SOURCE DATA Start Marker

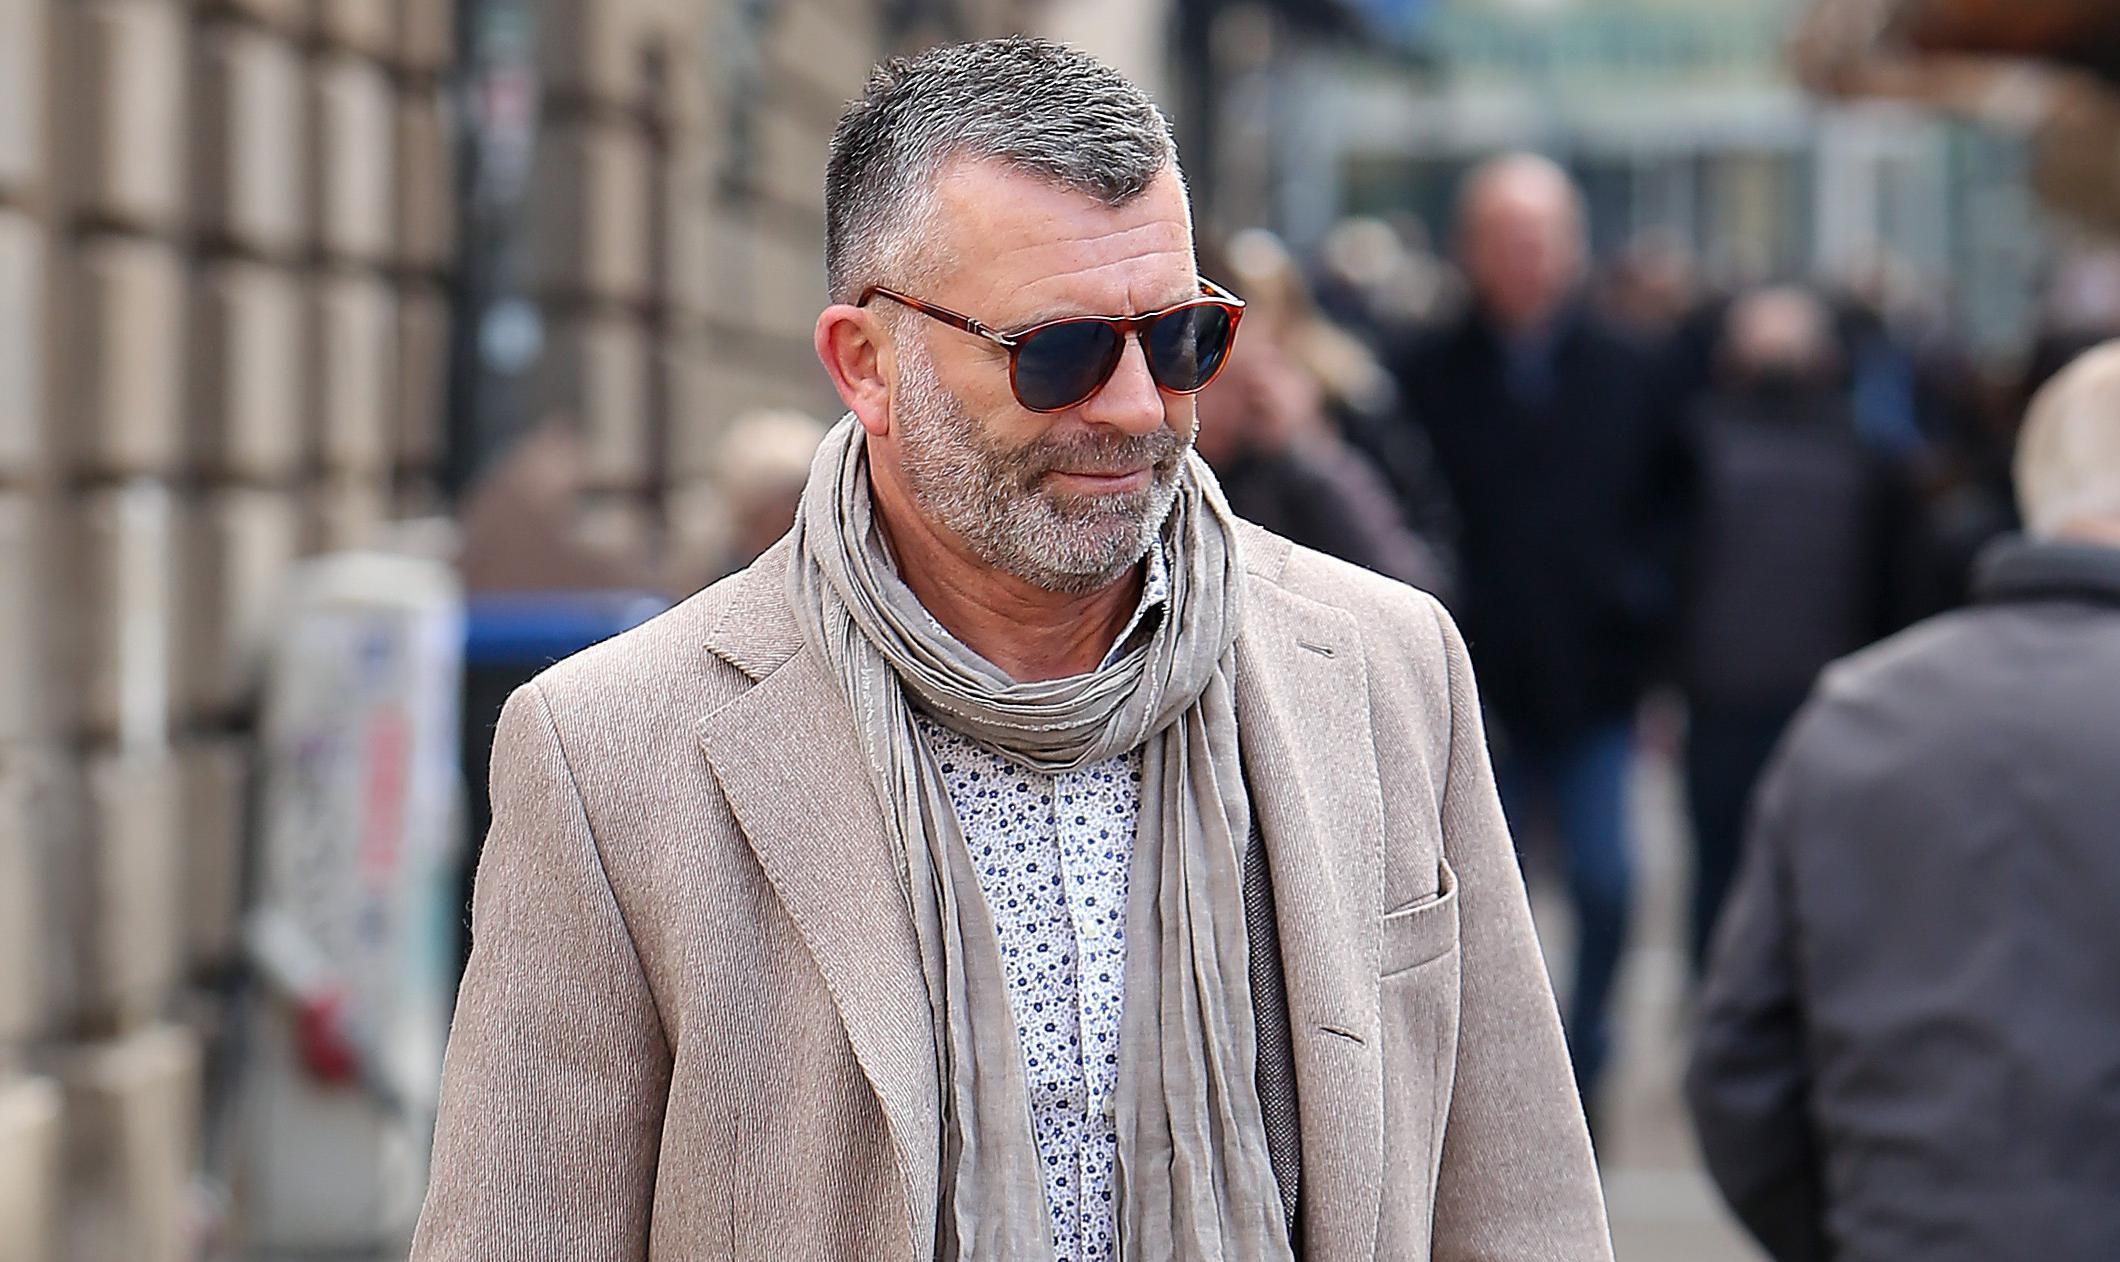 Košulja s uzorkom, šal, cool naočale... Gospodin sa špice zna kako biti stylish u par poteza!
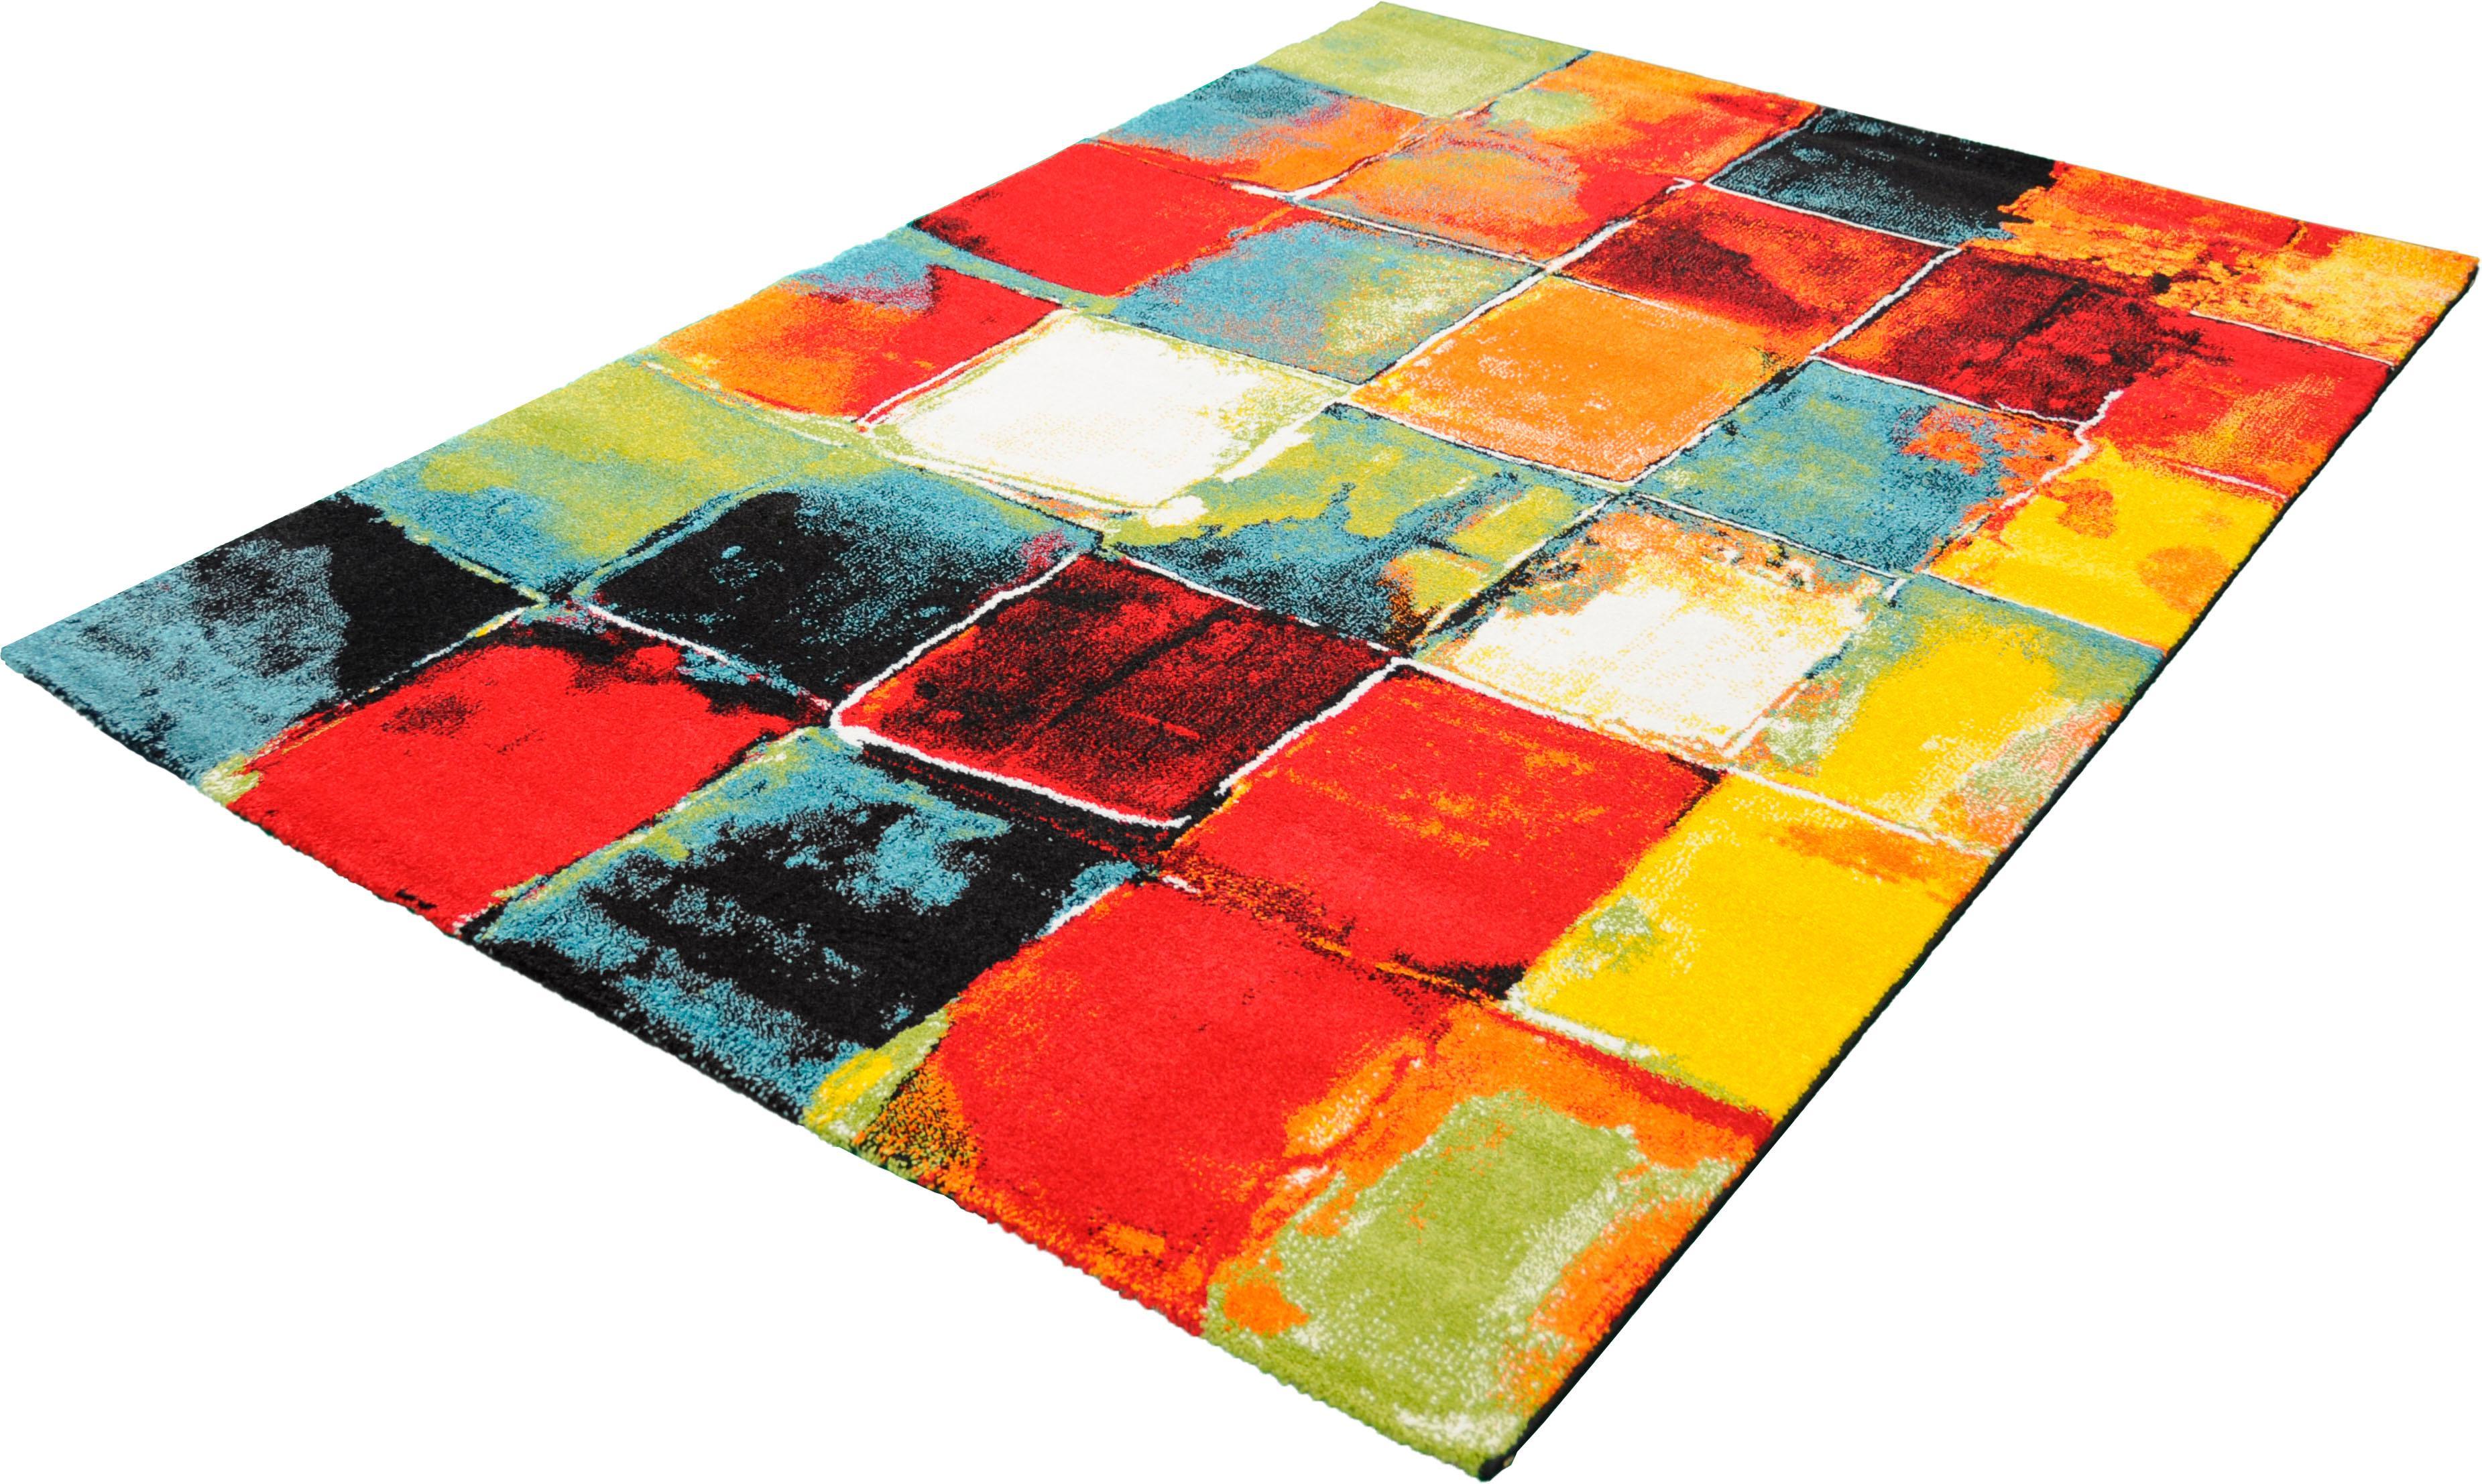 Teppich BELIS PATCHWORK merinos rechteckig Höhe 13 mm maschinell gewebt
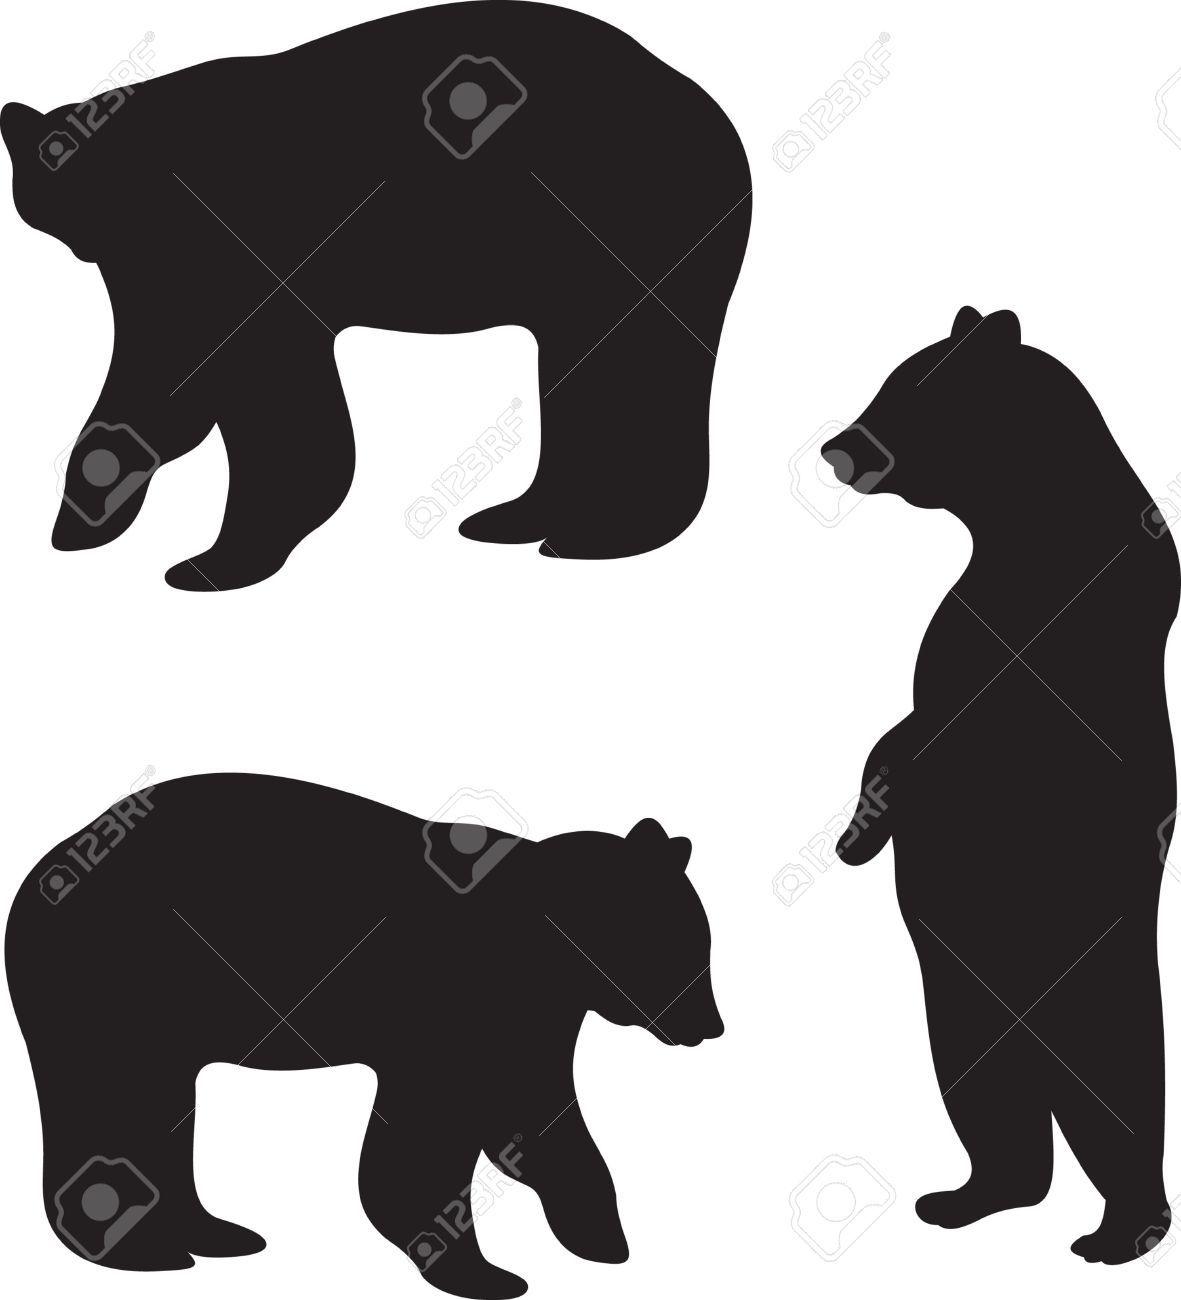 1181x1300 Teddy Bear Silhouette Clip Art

SOURCE DATA End Marker

WORK INSTRUCTIONS: Transcribe the lines above exactly, setting aside any picture among them.

TASK OUTPUT:
 Košulja s uzorkom, šal, cool naočale... Gospodin sa špice zna kako biti stylish u par poteza!
 Teppich BELIS PATCHWORK merinos rechteckig Höhe 13 mm maschinell gewebt
 1181x1300 Teddy Bear Silhouette Clip Art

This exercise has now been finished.